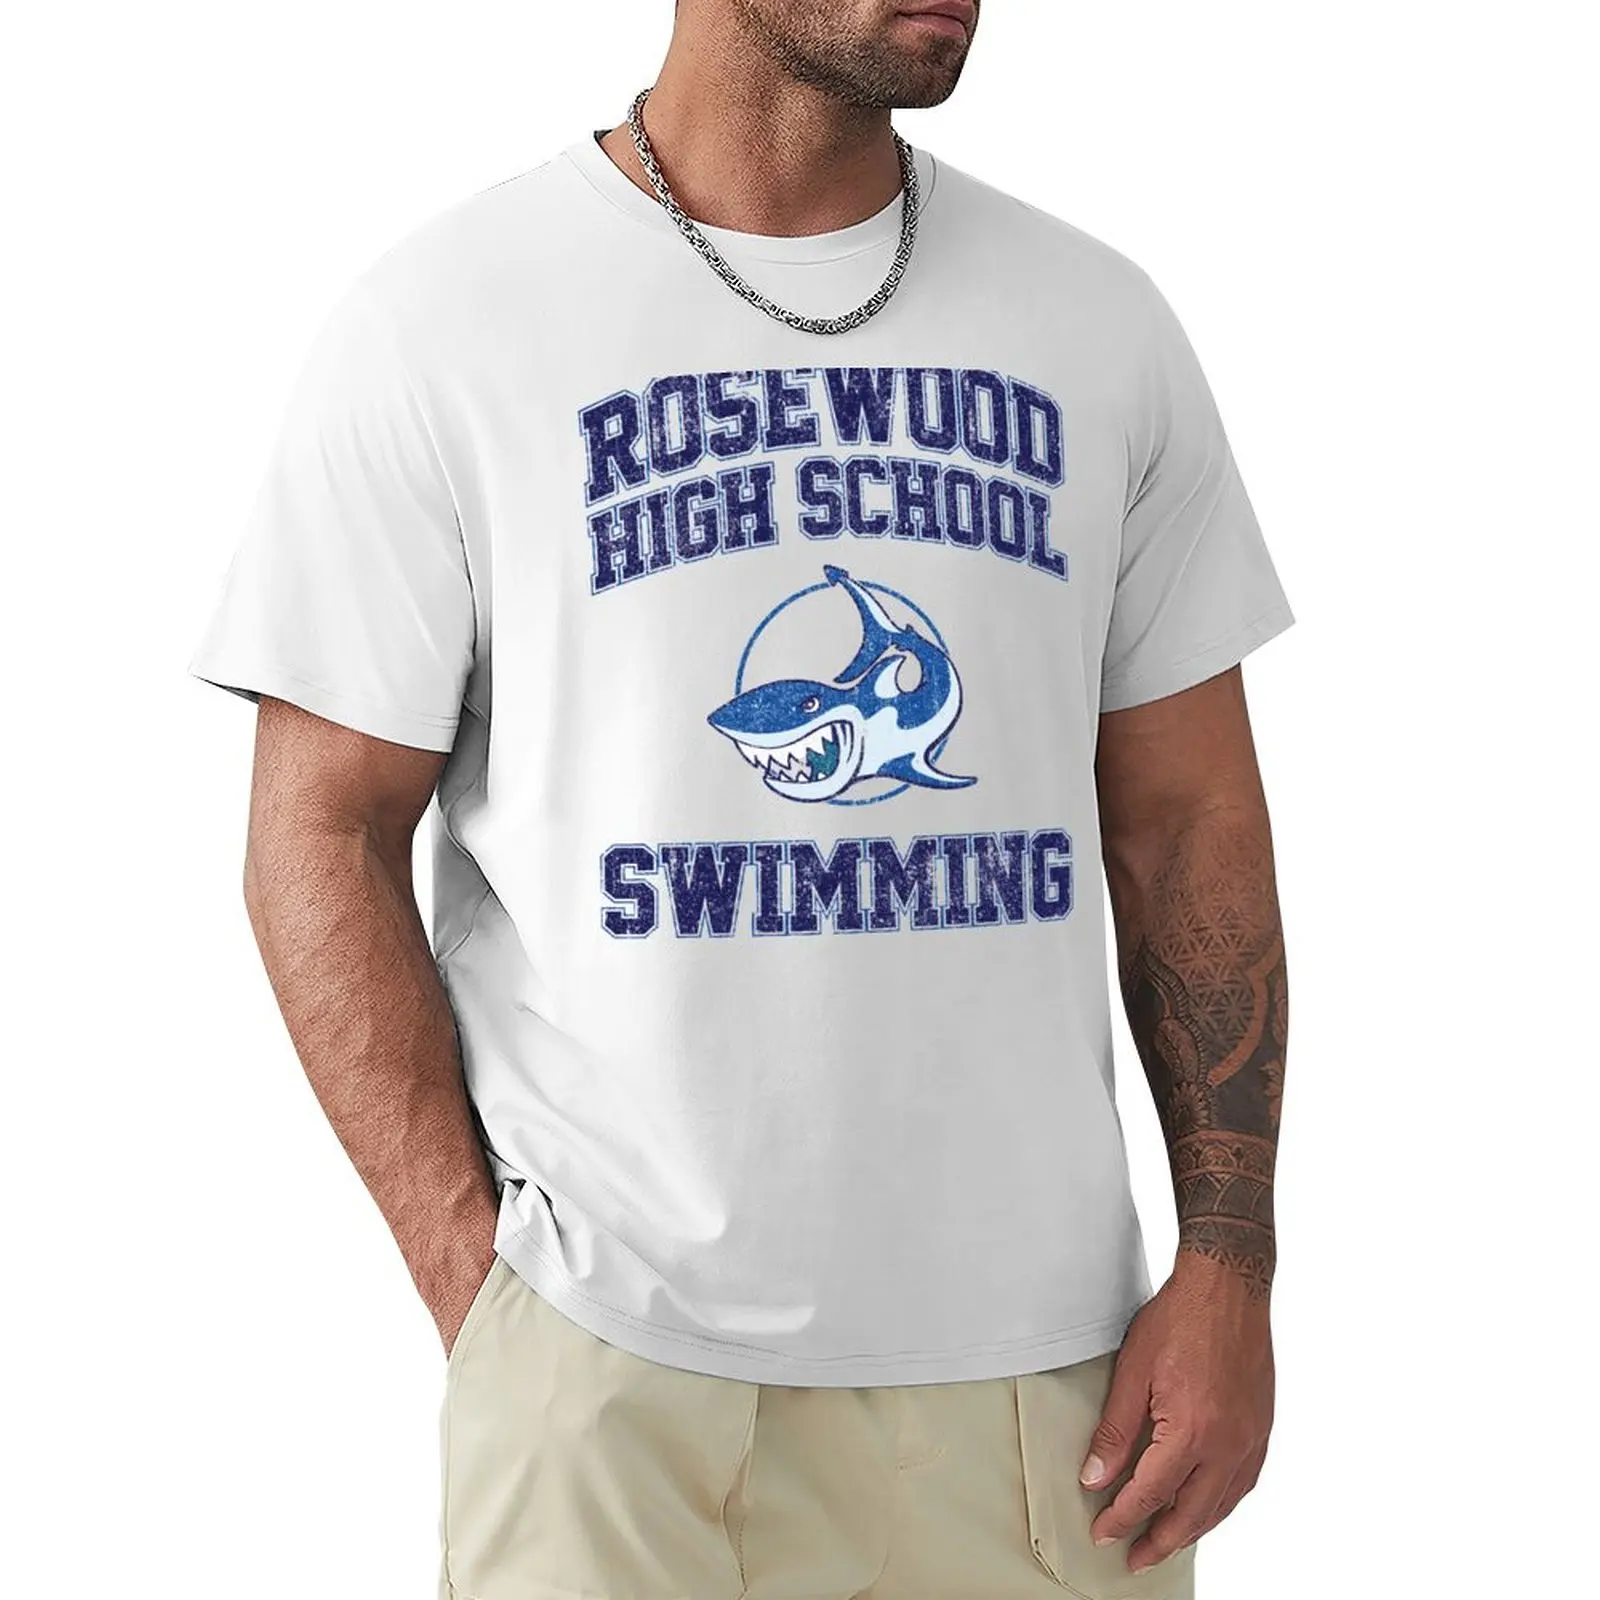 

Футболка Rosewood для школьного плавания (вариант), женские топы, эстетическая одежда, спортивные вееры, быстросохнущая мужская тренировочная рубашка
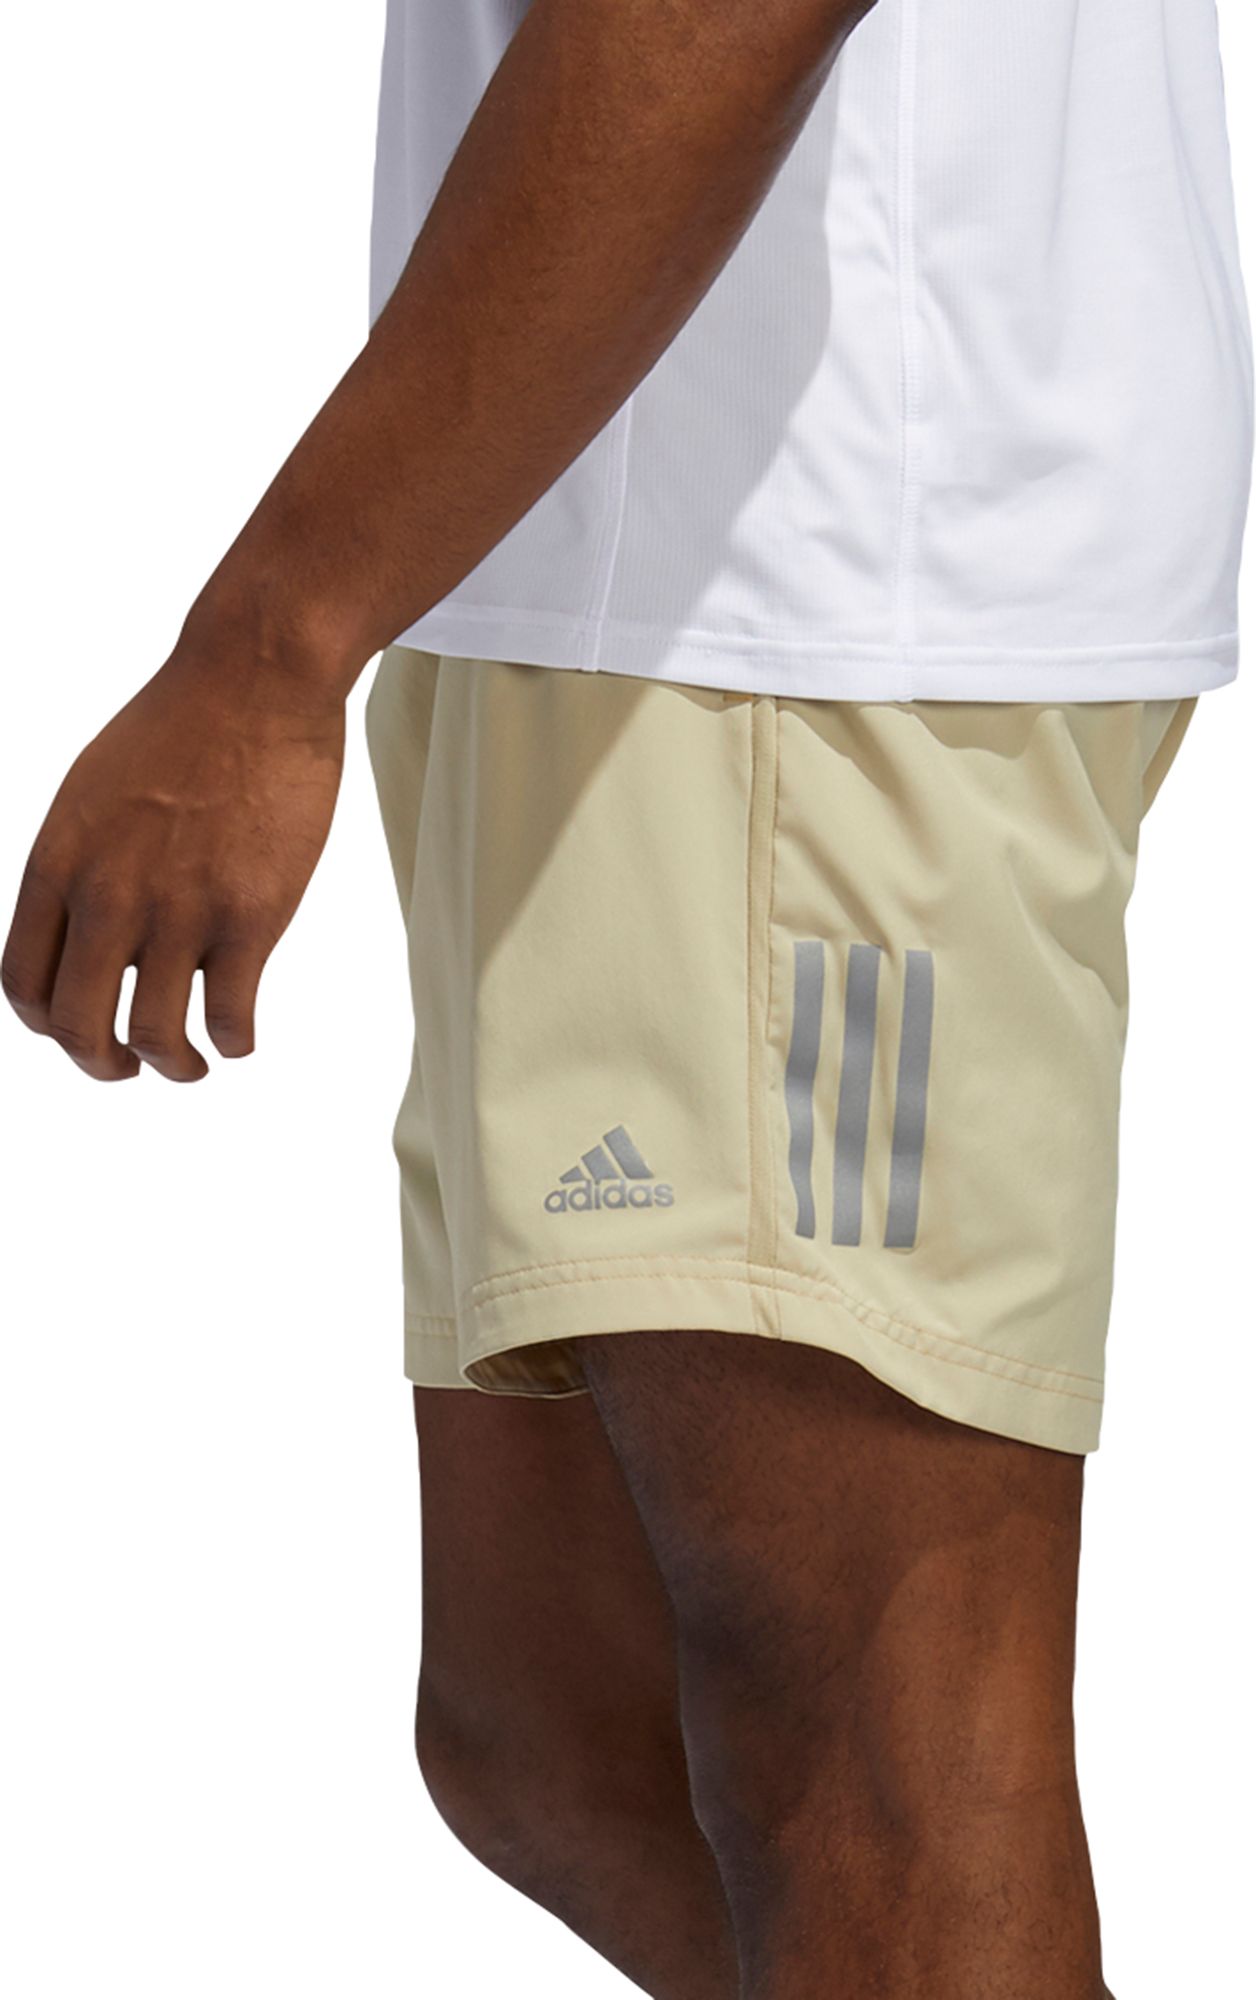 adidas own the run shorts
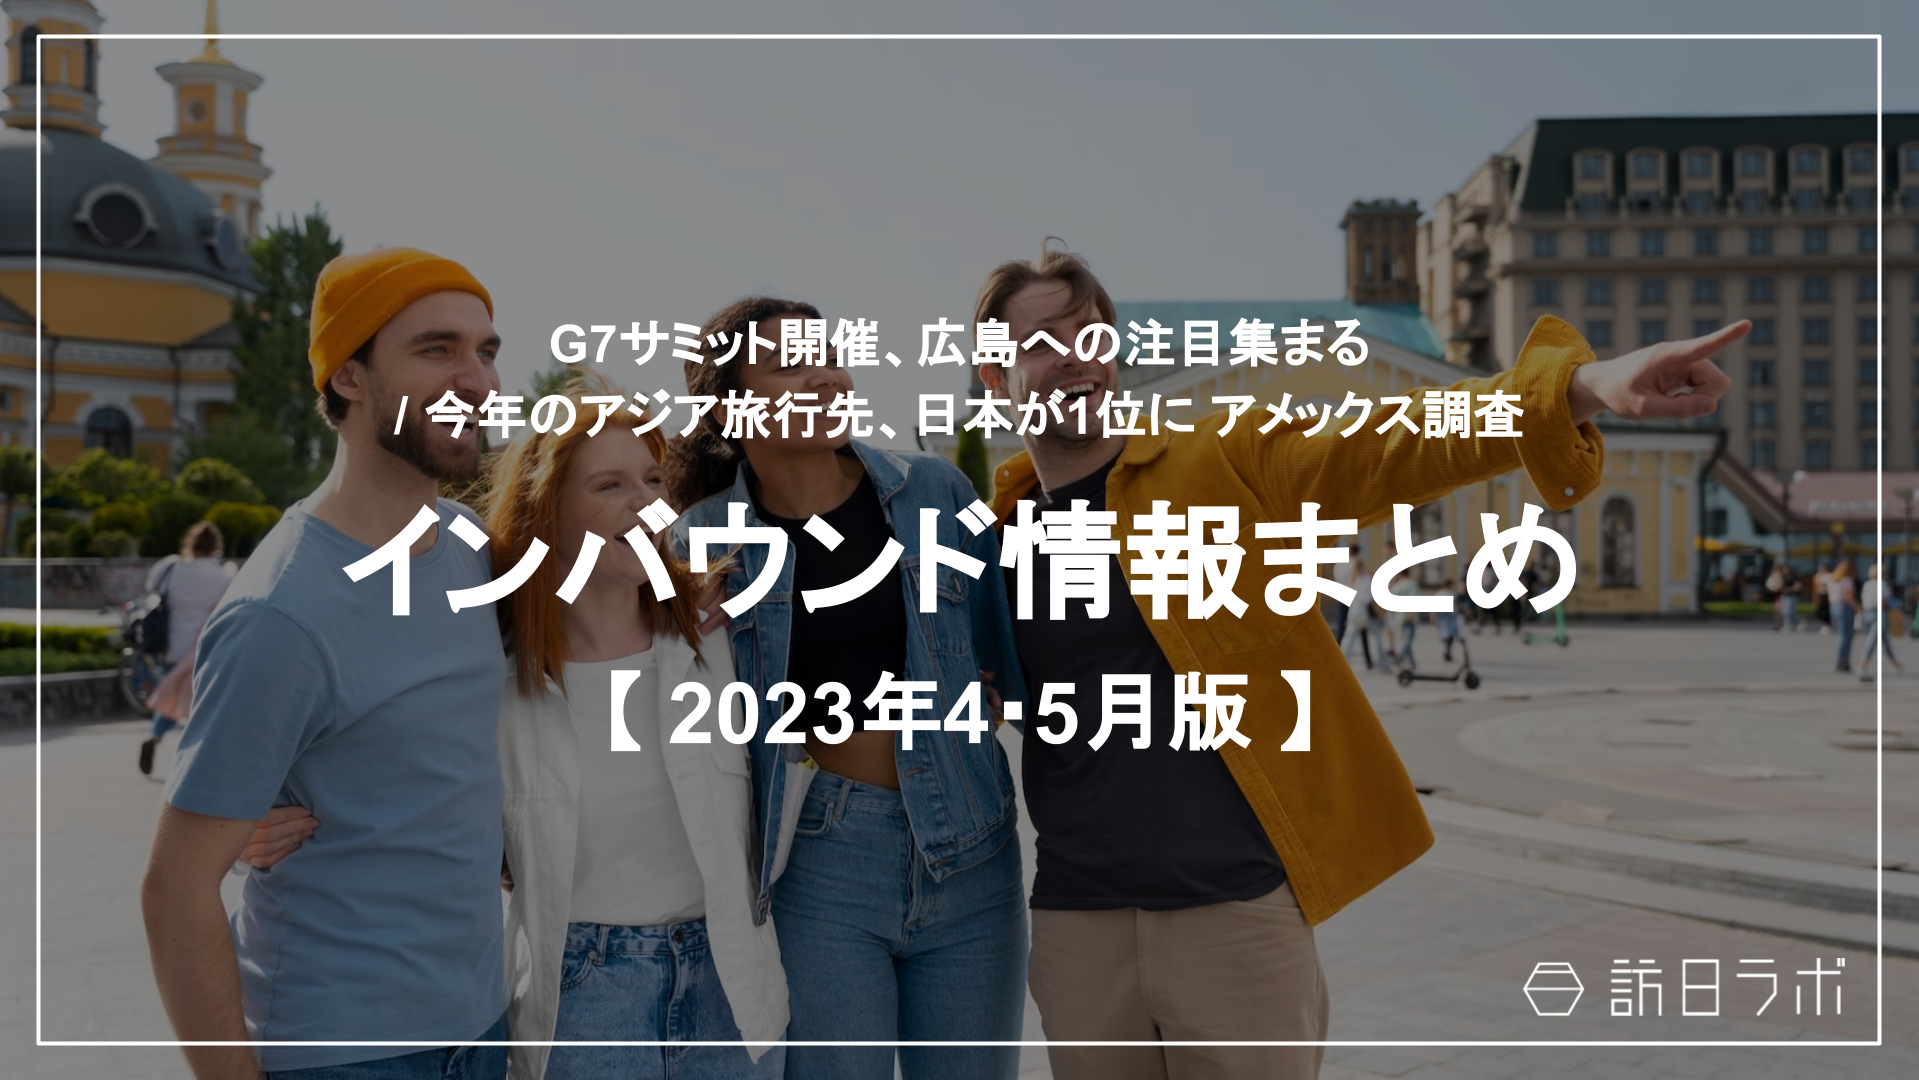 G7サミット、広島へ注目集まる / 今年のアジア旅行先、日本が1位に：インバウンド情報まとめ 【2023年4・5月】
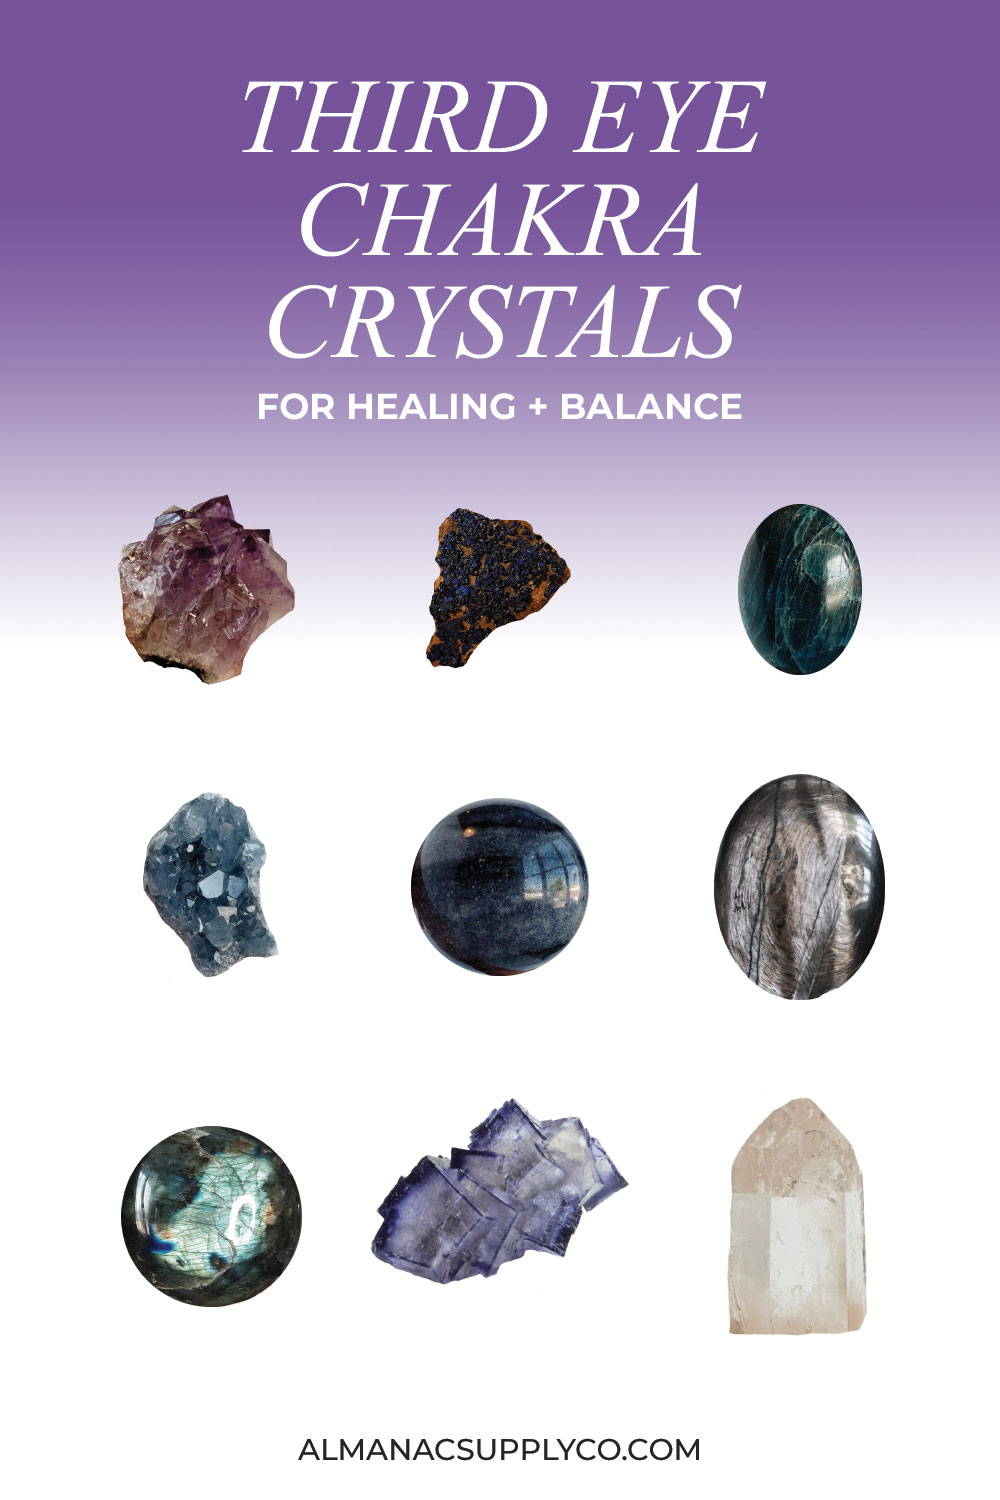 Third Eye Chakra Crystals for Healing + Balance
* * * *
Description of the task:
The lines from the one containing "G7サミット、広島へ注目集まる / 今年のアジア旅行先、日本が1位に：インバウンド情報まとめ" up to and including the last line of the material above are to be given again exactly; any pictures are dropped.

Answer area:
 G7サミット、広島へ注目集まる / 今年のアジア旅行先、日本が1位に：インバウンド情報まとめ 【2023年4・5月】
 Third Eye Chakra Crystals for Healing + Balance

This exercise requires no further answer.